Se tu imposterai il dialogo su questa linea, esso sarà per te riposo e certezza di non essere inutile.
Scoprirai inoltre una grande verità: tutti gli uomini hanno bisogno di dialogare, di crescere e di camminare insieme, hanno bisogno del dialogo come del pane e dell'amore.

Il dialogo è una vittoria dell'amore sulla solitudine, della carità sulla presunzione spirituale.
Nessuno di noi è autonomo. Tutti abbiamo bisogno degli altri; abbiamo bisogno di amicizia e di sincerità; di sostegno e di comprensione; abbiamo bisogno di una misura altrui per costruire la nostra.

Il dialogo è la misura giornaliera con cui senza fingimenti è come in uno specchio, riflettiamo sugli altri la nostra personalità, la nostra fede, il nostro equilibrio, il meglio di noi.
Il dialogo è qualcosa che spezza la solitudine, ma soltanto per arricchirla; per insegnarci a donare di più con umiltà, con discrezione, con gioia.
Se dialogare è come spezzare per gli altri il pane che sei diventato, non bisogna dimenticare che il dialogo ha alcune regole che sono la condizione indispensabile della sua validità.

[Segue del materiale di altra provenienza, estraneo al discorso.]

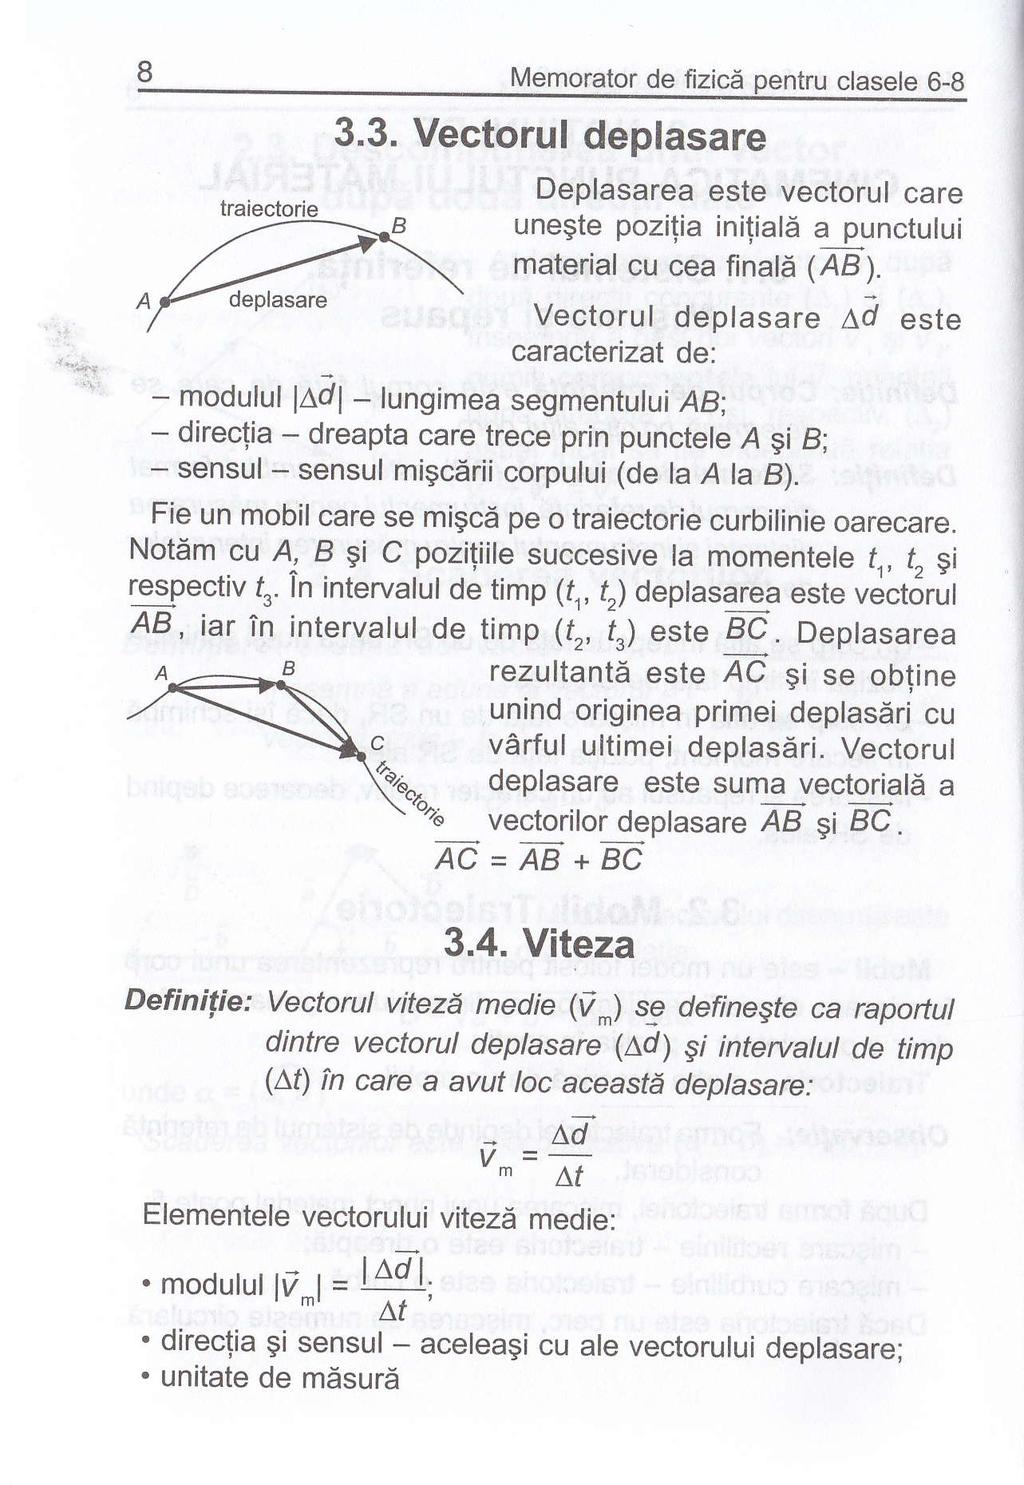 Af deolasare Memorator de fizicd pentru clasele 6-8 3.3. Vectorul deplasare Deplasarea este vectorul care material cu cea linald (AB).

Non basta dialogare: bisogna dialogare bene e non barare al gioco.
Si può dialogare e distruggere invece di costruire; si può dialogare di tutto e creare un vuoto, una confusione di accenti e di valore, di idee e di fini, di stile e di contenuto.

Il dialogo non è fatto di sole parole, ma è soprattutto un incontro di due personalità che si scambiano serenamente il meglio che hanno conquistato, i valori che ciascuno ha scoperto per strade diverse.

Il dialogo è fatto di due esperienze che non si scontrano, ma serenamente si misurano per fare maggior luce insieme. Perché questo avvenga bisogna rispettare le due condizioni del dialogo spirituale: la prima è la lealtà e la seconda è il rispetto per gli altri.

LA LEALTÀ.
È difficile dire se sia o no giustificata dai fatti, ma c'è una accusa che quelli dell'altra parte rimproverano spesso agli ambienti che si qualificano religiosi: quella della insincerità.

Tutto bello - dicono - tante belle parole e tanto rispetto della forma; tanta carità anche squisita di gesti e di parole, ma c'è qualcosa che non ci convince. Dietro quella dolcezza ovattata dalle convinzioni - essi dicono - c'è un che d'insincero, quasi una abitudine a recitare una parte che non corrisponde ai fatti: quasi una slealtà che pare diventata inconscio sistema di comportamento; uno stile che finisce per stonare maledettamente con la realtà che ricopre.
L'altra parte continua ancora a dire: nel dialogo con le persone praticanti c'è troppo miele, un qualcosa che messo alla prova dei fatti si rivela falso; una dolcezza che potrebbe anche non esserci perché non serve e una sincerità che spesso non c'è mentre non dovrebbe mai mancare in uno scambio di esperienze che non vogliono eliminarsi, ma solo completarsi a vicenda.
Questa è l'accusa piuttosto grave che ci fanno quelli dell'altra sponda.
Di certo c'è molto di esagerato, ma qualcosa di vero lo contiene.
Se sia vera o falsa, tocca a ciascuno di noi smentire, tocca a te rispondere.
Certamente il pericolo di giocare a carte truccate o talvolta di barare al gioco esiste.
Allora sarebbe meglio non dialogare.